Would you repeat every line of the data exactly?
*** Opening of THE DATA ***
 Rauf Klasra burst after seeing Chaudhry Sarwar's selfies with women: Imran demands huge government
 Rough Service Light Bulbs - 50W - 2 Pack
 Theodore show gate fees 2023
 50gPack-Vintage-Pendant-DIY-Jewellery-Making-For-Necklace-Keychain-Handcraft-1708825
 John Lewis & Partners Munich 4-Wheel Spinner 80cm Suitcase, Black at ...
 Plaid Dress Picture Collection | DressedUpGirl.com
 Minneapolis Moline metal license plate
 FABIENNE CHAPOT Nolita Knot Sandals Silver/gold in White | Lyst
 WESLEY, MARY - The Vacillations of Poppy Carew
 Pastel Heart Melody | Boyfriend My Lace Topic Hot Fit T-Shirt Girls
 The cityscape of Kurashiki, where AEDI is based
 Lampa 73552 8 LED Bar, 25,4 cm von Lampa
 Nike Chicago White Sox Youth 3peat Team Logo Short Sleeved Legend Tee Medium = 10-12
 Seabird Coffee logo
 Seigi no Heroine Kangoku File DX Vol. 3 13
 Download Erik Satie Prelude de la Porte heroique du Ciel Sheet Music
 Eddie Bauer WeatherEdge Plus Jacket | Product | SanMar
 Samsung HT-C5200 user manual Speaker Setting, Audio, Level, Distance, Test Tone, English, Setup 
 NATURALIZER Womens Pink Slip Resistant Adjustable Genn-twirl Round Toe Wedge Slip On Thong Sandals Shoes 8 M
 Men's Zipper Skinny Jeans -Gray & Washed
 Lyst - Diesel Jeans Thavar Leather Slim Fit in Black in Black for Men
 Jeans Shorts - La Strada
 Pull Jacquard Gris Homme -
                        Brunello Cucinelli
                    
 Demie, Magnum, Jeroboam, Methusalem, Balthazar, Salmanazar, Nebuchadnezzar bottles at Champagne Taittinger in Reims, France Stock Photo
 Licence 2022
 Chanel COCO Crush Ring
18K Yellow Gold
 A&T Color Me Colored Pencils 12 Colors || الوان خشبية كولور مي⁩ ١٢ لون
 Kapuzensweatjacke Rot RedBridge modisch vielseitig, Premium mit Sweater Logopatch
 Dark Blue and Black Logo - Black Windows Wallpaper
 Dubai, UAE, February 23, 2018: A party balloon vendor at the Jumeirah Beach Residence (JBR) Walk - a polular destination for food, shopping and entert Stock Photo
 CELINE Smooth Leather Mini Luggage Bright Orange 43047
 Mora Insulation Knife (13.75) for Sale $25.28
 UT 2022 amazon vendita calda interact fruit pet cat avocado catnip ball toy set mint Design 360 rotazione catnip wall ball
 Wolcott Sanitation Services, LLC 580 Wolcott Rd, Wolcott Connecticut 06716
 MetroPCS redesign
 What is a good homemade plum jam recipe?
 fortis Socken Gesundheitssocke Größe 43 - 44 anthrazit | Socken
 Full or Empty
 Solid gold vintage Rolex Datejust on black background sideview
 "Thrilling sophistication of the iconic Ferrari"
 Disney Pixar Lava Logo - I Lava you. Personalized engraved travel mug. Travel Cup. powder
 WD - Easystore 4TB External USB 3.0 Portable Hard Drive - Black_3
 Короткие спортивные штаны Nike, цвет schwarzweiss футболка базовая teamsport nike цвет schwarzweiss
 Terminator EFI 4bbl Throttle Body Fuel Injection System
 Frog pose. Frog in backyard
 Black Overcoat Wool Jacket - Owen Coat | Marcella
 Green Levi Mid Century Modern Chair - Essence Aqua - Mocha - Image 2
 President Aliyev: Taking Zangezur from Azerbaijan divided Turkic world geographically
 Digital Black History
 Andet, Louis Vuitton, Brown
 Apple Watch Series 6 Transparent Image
*** Close of THE DATA ***
» **RESULT BELOW**
 Rauf Klasra burst after seeing Chaudhry Sarwar's selfies with women: Imran demands huge government
 Rough Service Light Bulbs - 50W - 2 Pack
 Theodore show gate fees 2023
 50gPack-Vintage-Pendant-DIY-Jewellery-Making-For-Necklace-Keychain-Handcraft-1708825
 John Lewis & Partners Munich 4-Wheel Spinner 80cm Suitcase, Black at ...
 Plaid Dress Picture Collection | DressedUpGirl.com
 Minneapolis Moline metal license plate
 FABIENNE CHAPOT Nolita Knot Sandals Silver/gold in White | Lyst
 WESLEY, MARY - The Vacillations of Poppy Carew
 Pastel Heart Melody | Boyfriend My Lace Topic Hot Fit T-Shirt Girls
 The cityscape of Kurashiki, where AEDI is based
 Lampa 73552 8 LED Bar, 25,4 cm von Lampa
 Nike Chicago White Sox Youth 3peat Team Logo Short Sleeved Legend Tee Medium = 10-12
 Seabird Coffee logo
 Seigi no Heroine Kangoku File DX Vol. 3 13
 Download Erik Satie Prelude de la Porte heroique du Ciel Sheet Music
 Eddie Bauer WeatherEdge Plus Jacket | Product | SanMar
 Samsung HT-C5200 user manual Speaker Setting, Audio, Level, Distance, Test Tone, English, Setup 
 NATURALIZER Womens Pink Slip Resistant Adjustable Genn-twirl Round Toe Wedge Slip On Thong Sandals Shoes 8 M
 Men's Zipper Skinny Jeans -Gray & Washed
 Lyst - Diesel Jeans Thavar Leather Slim Fit in Black in Black for Men
 Jeans Shorts - La Strada
 Pull Jacquard Gris Homme -
                        Brunello Cucinelli
                    
 Demie, Magnum, Jeroboam, Methusalem, Balthazar, Salmanazar, Nebuchadnezzar bottles at Champagne Taittinger in Reims, France Stock Photo
 Licence 2022
 Chanel COCO Crush Ring
18K Yellow Gold
 A&T Color Me Colored Pencils 12 Colors || الوان خشبية كولور مي⁩ ١٢ لون
 Kapuzensweatjacke Rot RedBridge modisch vielseitig, Premium mit Sweater Logopatch
 Dark Blue and Black Logo - Black Windows Wallpaper
 Dubai, UAE, February 23, 2018: A party balloon vendor at the Jumeirah Beach Residence (JBR) Walk - a polular destination for food, shopping and entert Stock Photo
 CELINE Smooth Leather Mini Luggage Bright Orange 43047
 Mora Insulation Knife (13.75) for Sale $25.28
 UT 2022 amazon vendita calda interact fruit pet cat avocado catnip ball toy set mint Design 360 rotazione catnip wall ball
 Wolcott Sanitation Services, LLC 580 Wolcott Rd, Wolcott Connecticut 06716
 MetroPCS redesign
 What is a good homemade plum jam recipe?
 fortis Socken Gesundheitssocke Größe 43 - 44 anthrazit | Socken
 Full or Empty
 Solid gold vintage Rolex Datejust on black background sideview
 "Thrilling sophistication of the iconic Ferrari"
 Disney Pixar Lava Logo - I Lava you. Personalized engraved travel mug. Travel Cup. powder
 WD - Easystore 4TB External USB 3.0 Portable Hard Drive - Black_3
 Короткие спортивные штаны Nike, цвет schwarzweiss футболка базовая teamsport nike цвет schwarzweiss
 Terminator EFI 4bbl Throttle Body Fuel Injection System
 Frog pose. Frog in backyard
 Black Overcoat Wool Jacket - Owen Coat | Marcella
 Green Levi Mid Century Modern Chair - Essence Aqua - Mocha - Image 2
 President Aliyev: Taking Zangezur from Azerbaijan divided Turkic world geographically
 Digital Black History
 Andet, Louis Vuitton, Brown
 Apple Watch Series 6 Transparent Image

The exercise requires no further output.